And of course, having assembled such a library, we would like a place to house it. We are exploring opportunities of linking with an institution that would be capable of maintaining such a library, which might be a university or artist colony or other such facility that would value our work. There is also the option of creating or purchasing our own building, which would require capital funding that we have not approached to this point. And in any of these venues we envision a Haiku Hall of Fame, where our outstanding poets might have a place where their achievements might be viewed in a sympathetic context. Likely these would all be in the same location.

Parallel to our hard-copy library is our online library, where haiku books would be made available to scholars, students, poets and interested persons without the difficulties of tracking them down, especially useful for rare or out of print books. We also look forward to a day when we host a variety of gatherings, from conferences to readings to potluck suppers where poets can gather and share their work and their lives. We would like to offer scholarships and incentives to poets as well, which might be implemented at any of these venues.

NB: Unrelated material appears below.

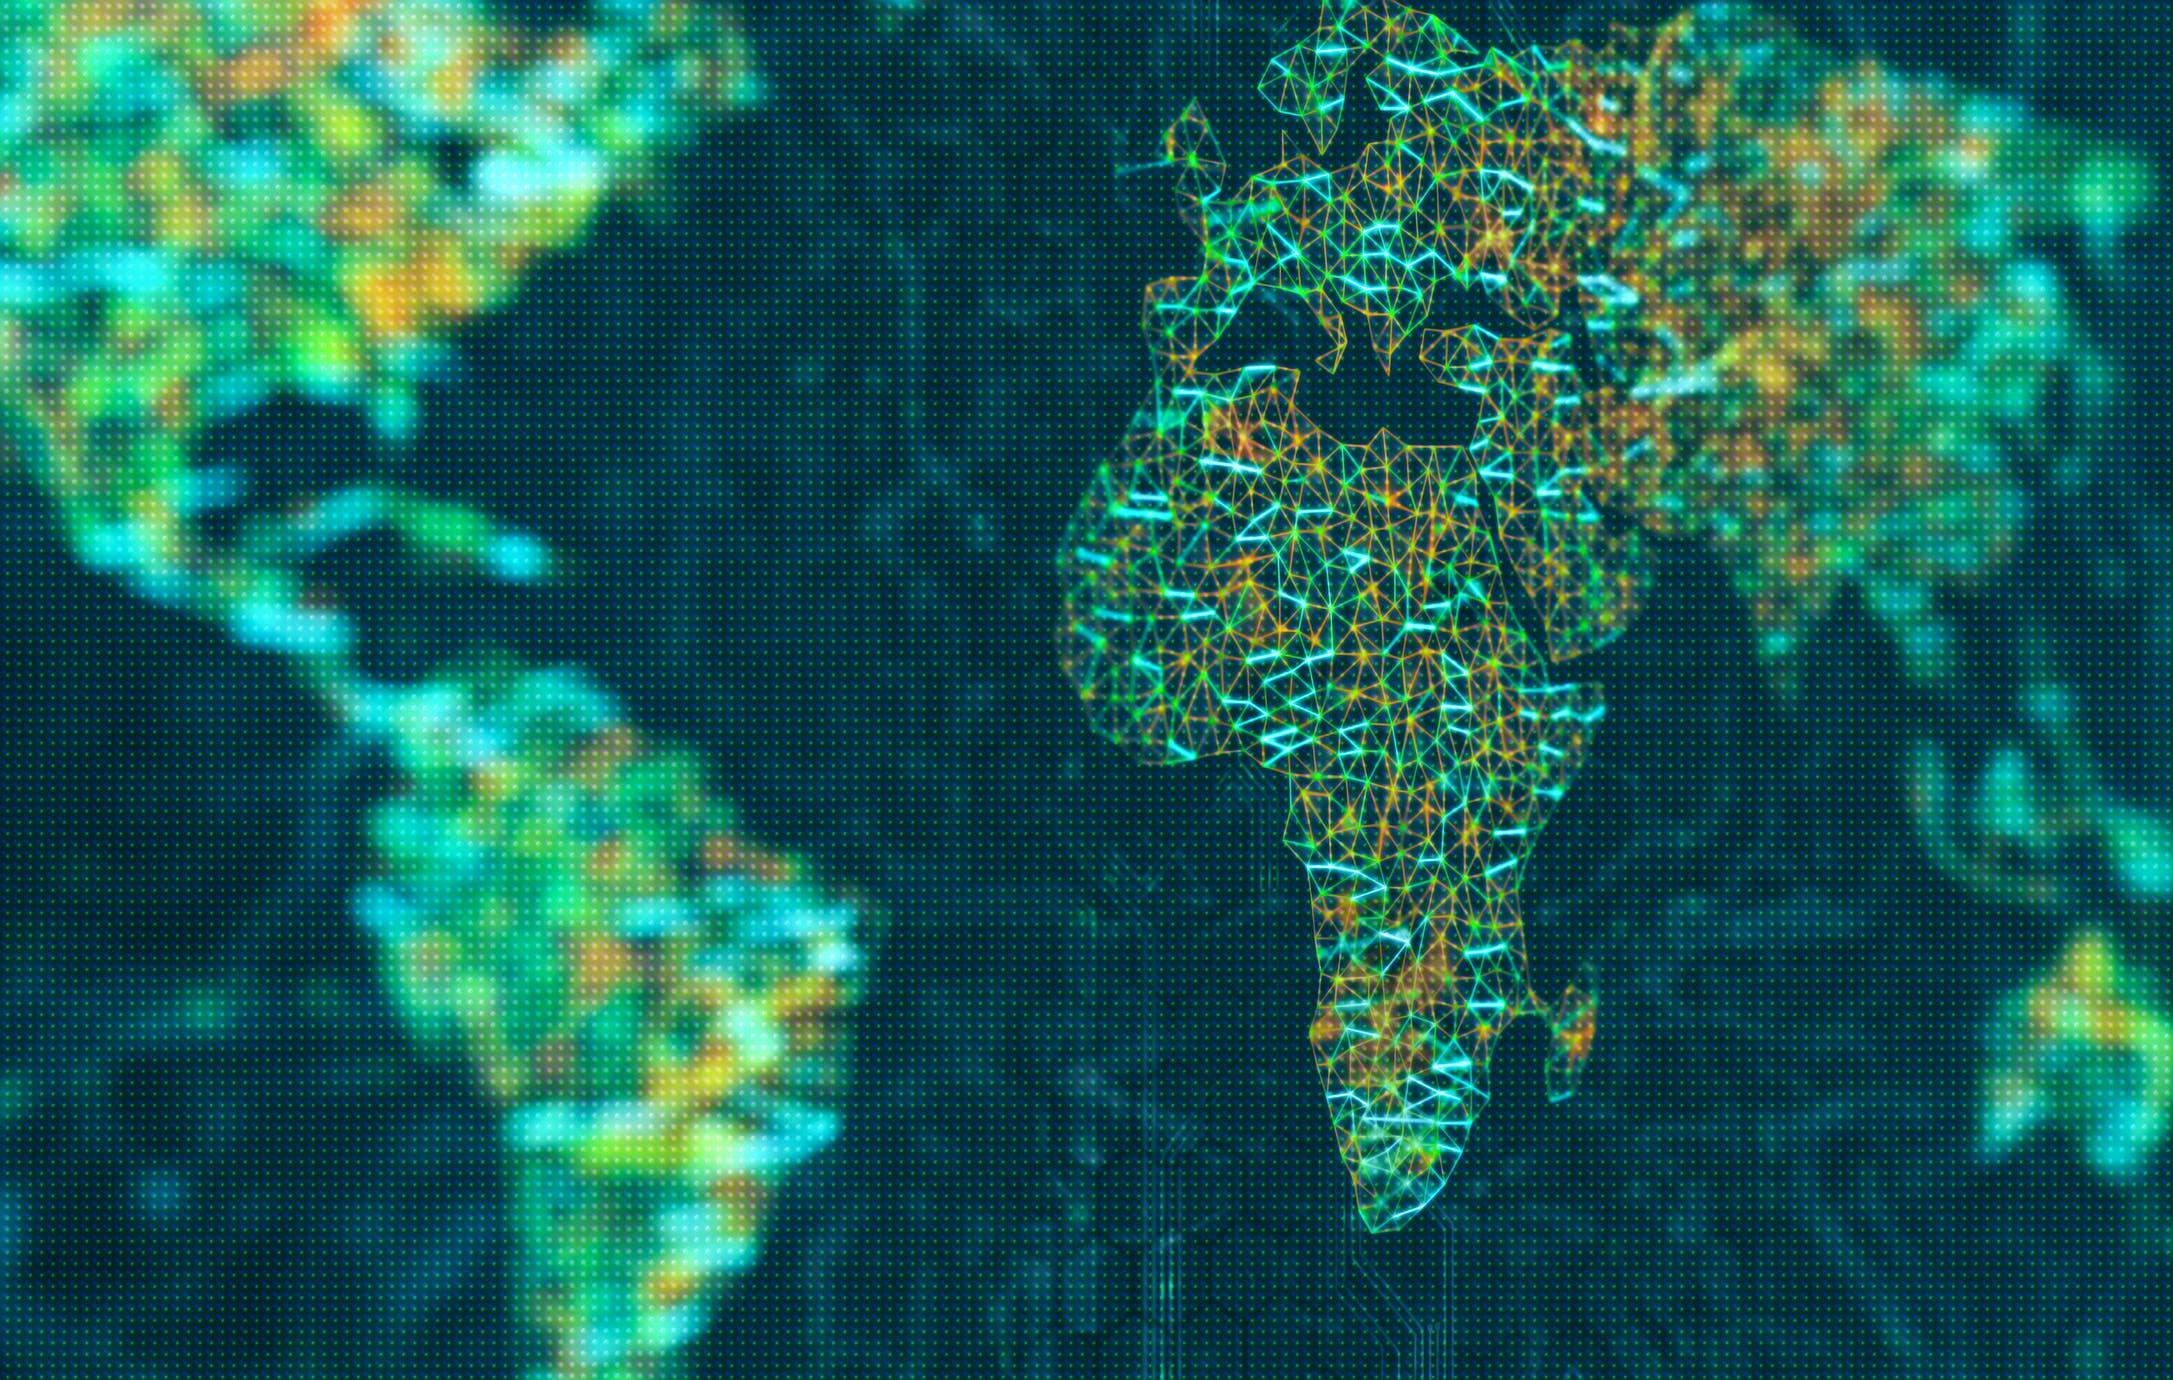 Africa technology
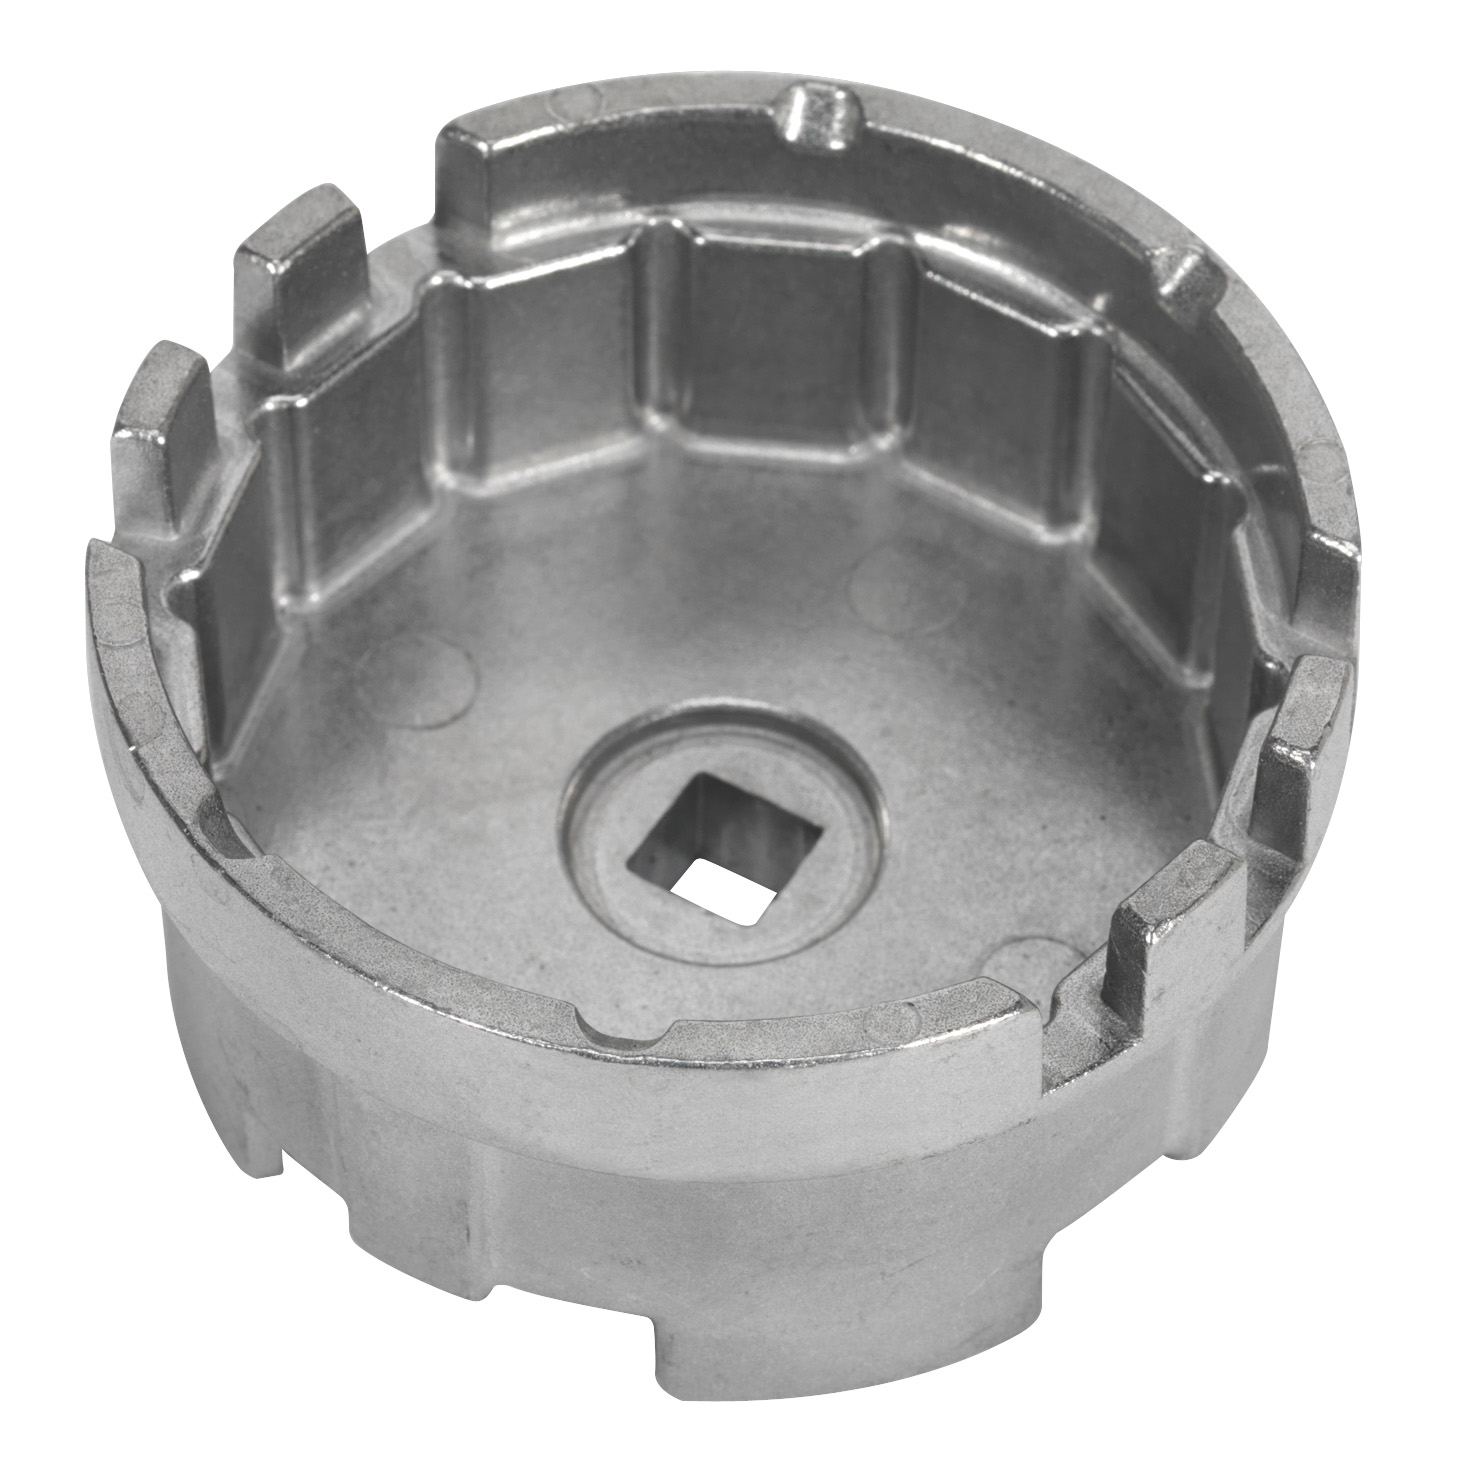 Sealey VS7111 Oil Filter Cap Wrench 64.5mm X 14 Flutes Toyota Garage Workshop

We have only begun to envision what the Foundation will have to offer in years to come. I'm sure other energies and visions will help expand this earliest imagining. However, the long-range goal of creating new opportunities that serve haiku will remain, I am certain, central to all such visions.

Thank you for your interest in the Foundation and for the opportunity to tell your readers a bit about what we're doing, and hope to do, at THF. I hope they will all feel free to explore the site and bring their energy and interest to bear on the future of haiku. As Harold Henderson wrote, "Haiku will be what poets make of it." We are happy to be doing our part to see that this rings true.





JIM KACIAN is Founder and President of The Haiku Foundation, founder of Red Moon Press (the largest press dedicated to haiku in the world—which makes it a very small enterprise), author of 15 award-winning books and thousands of haiku, some of which have been translated into more than fifty languages. You can learn more about him if you're interested by checking out his bio on Wikipedia.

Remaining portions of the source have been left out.